- Directed by: Jim Atkinson
- Written by: Robin Gough
- Starring: Jeremy Bulloch Neil Hallett Jill Damas Sue Longhurst Richard O'Sullivan Valerie Leon
- Cinematography: Ricky Briggs
- Edited by: David Docker
- Music by: Dave Quincy
- Production company: Pyramid Films
- Release date: 1974;
- Country: United Kingdom
- Language: English

= Can You Keep It Up for a Week? =

1974 British film directed by Jim Atkinson

Can You Keep It Up For A Week? is a 1974 British sex comedy film directed by Jim Atkinson and starring Jeremy Bulloch, Sue Longhurst, Neil Hallett, Richard O'Sullivan and Valerie Leon.

==Plot==
Accident-prone Gil wants a steady job but is dismissed by every company that recruits him due to his unfortunate habit of ending up in sexually embarrassing situations. His girlfriend Annette says that she will marry him only if he can stay employed for at least a week.

Hired by Mr Grimwood's cleaning company "Here To Service You", Gil is unwittingly drawn into a series of bawdy misadventures: sharing a bath with a married woman and getting caught by her husband; having a threesome with a hospital patient and a woman doctor, followed by a foursome with Annette, Grimwood and a woman psychologist; awkward encounters with a gay man and a lesbian; and getting caught by Annette playing strip poker with a group of women.

Incredibly, Gil remains in his job, so Annette asks Grimwood to fire him, not knowing that Gil's employer wants to seduce her himself. Gil foils this plot and Annette marries him, but before the couple can have their wedding night Gil collapses on the bed and passes out from exhaustion.

==Cast==

- Jeremy Bulloch as Gil
- Sue Longhurst as Mrs Bristol
- Neil Hallett as Gerry Grimwood
- Richard O'Sullivan as Mr Rose
- Valerie Leon as Miss Hampton
- Jill Damas as Annette
- Olivia Munday as Mrs Hobson
- Mark Singleton as Mr Hobson
- Joy Harington as Mrs Grimwood
- Jenny Cox as Dr Livingstone
- Venicia Day as Sue Anne Stanley
- Stephanie Marrian as Lesley
- Wendy Wax as Baby Doll
- Sarah Frampton as Pam
- Lindsay Marsh as Gigi
- Maria Coyne as receptionist
- Lynne Ross as secretary
- Valerie Phillips as mechanic
- Frances Bennett as lady driver
- Sally Harrison as car wash customer
- Sally Lahee as Madam Chairman
- Richard Smith as applicant
- Bridget McConnell as secretary
- Roy Beck as sailor
- Nicholas McArdle as The D.O.G.
- Jules Walters as John Thomas
- Eddie Sommer as male streaker
- Mandy Morris as female streaker

==Background==
Elton Hawke, who is listed as a producer on the movie, is a pseudonym used by Kent Walton and Hazel Adair. Walton was a British television sports commentator, and Adair was the co creator of the soap opera Crossroads. The revelation was first broadcast in a 1975 episode of the TV documentary series Man Alive.

==Critical reception==
Writing for The Monthly Film Bulletin, David McGillivray listed the film's "fundamental deficiencies" as "dreary sexual encounters, rudimentary direction and 94 minutes of witless Old English puns (the title is a fair example)." He likened the "episodic" plot to those of other sex comedies Secrets of a Door-to-Door Salesman (1973) and Confessions of a Window Cleaner (1974).

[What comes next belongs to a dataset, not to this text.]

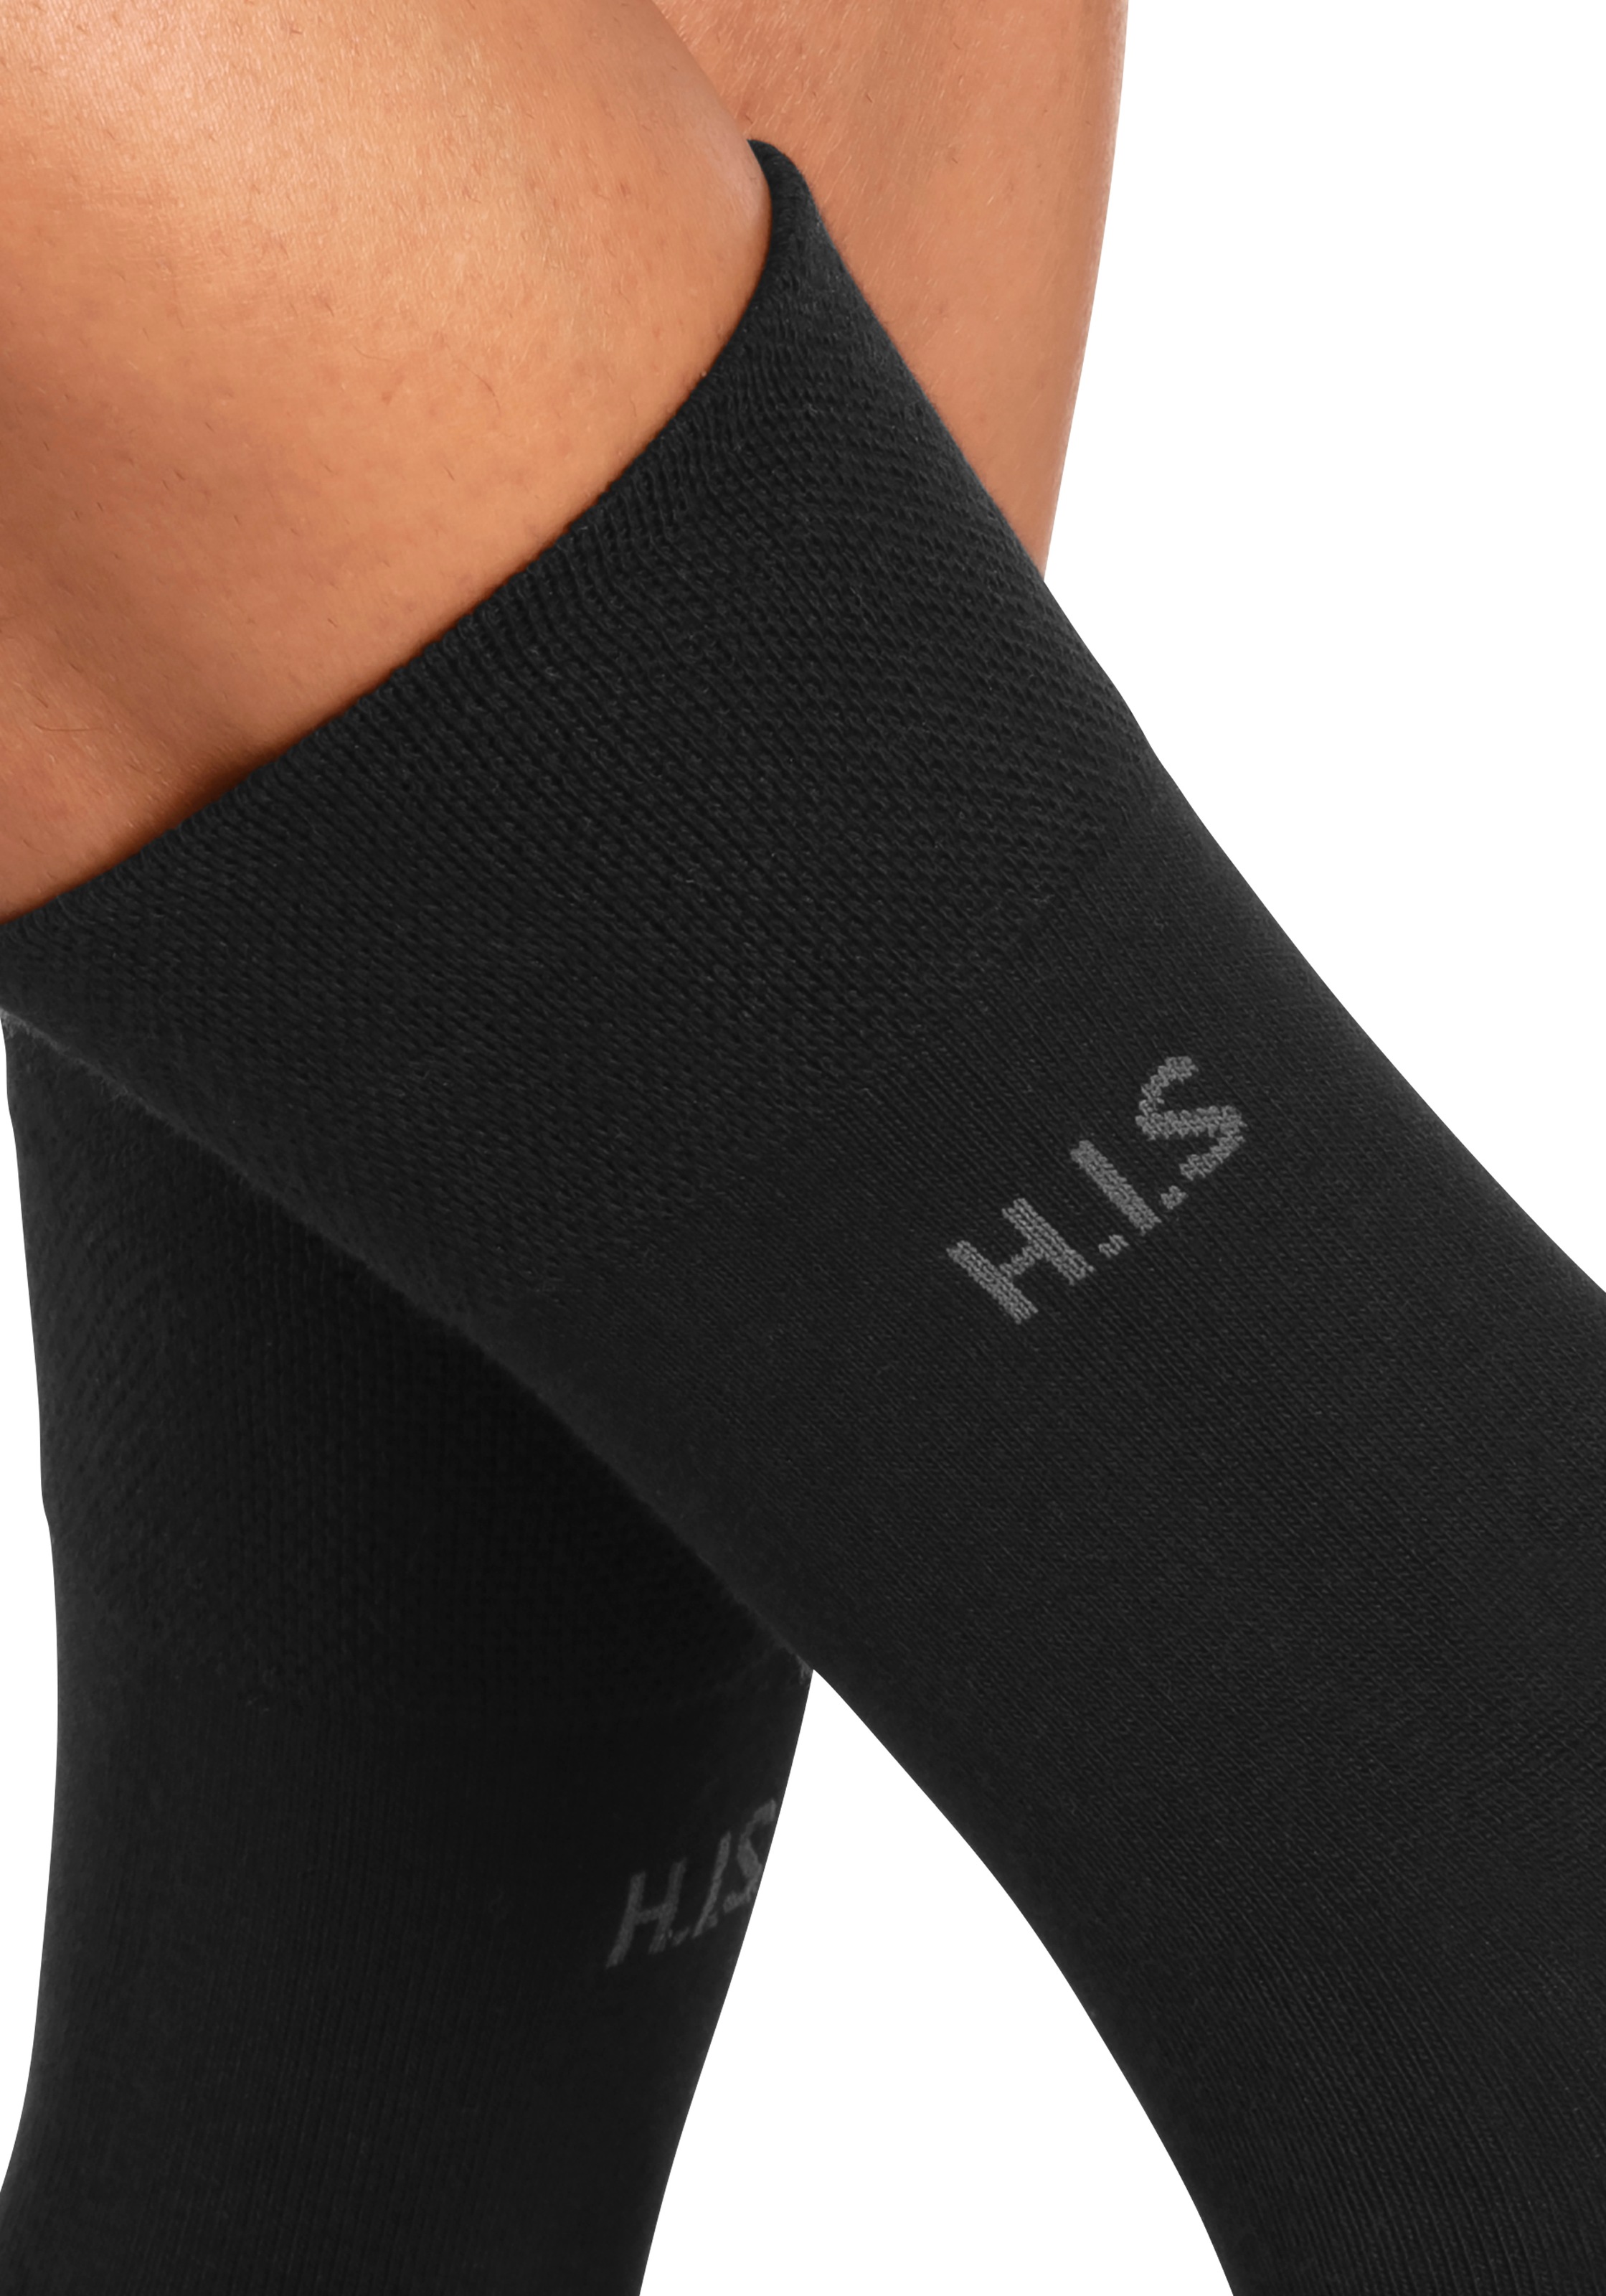 H.I.S Paar) einschneidendes (Packung Socken Gummi ohne 12

The Northern Echo said the film was a "ghastly near–blue bore", while Time Out Magazine called it an "embarrassing British sex comedy", and were also surprised "that it took as long as 12 days to shoot," and the Dorset Echo commented that it was just "yet another in an ever growing line of British sex comedies." Author Robert Murphy opined that it was an "endearing innocent sex–comedy that Atkinson directs with breezy good humour, and the film was a box–office success."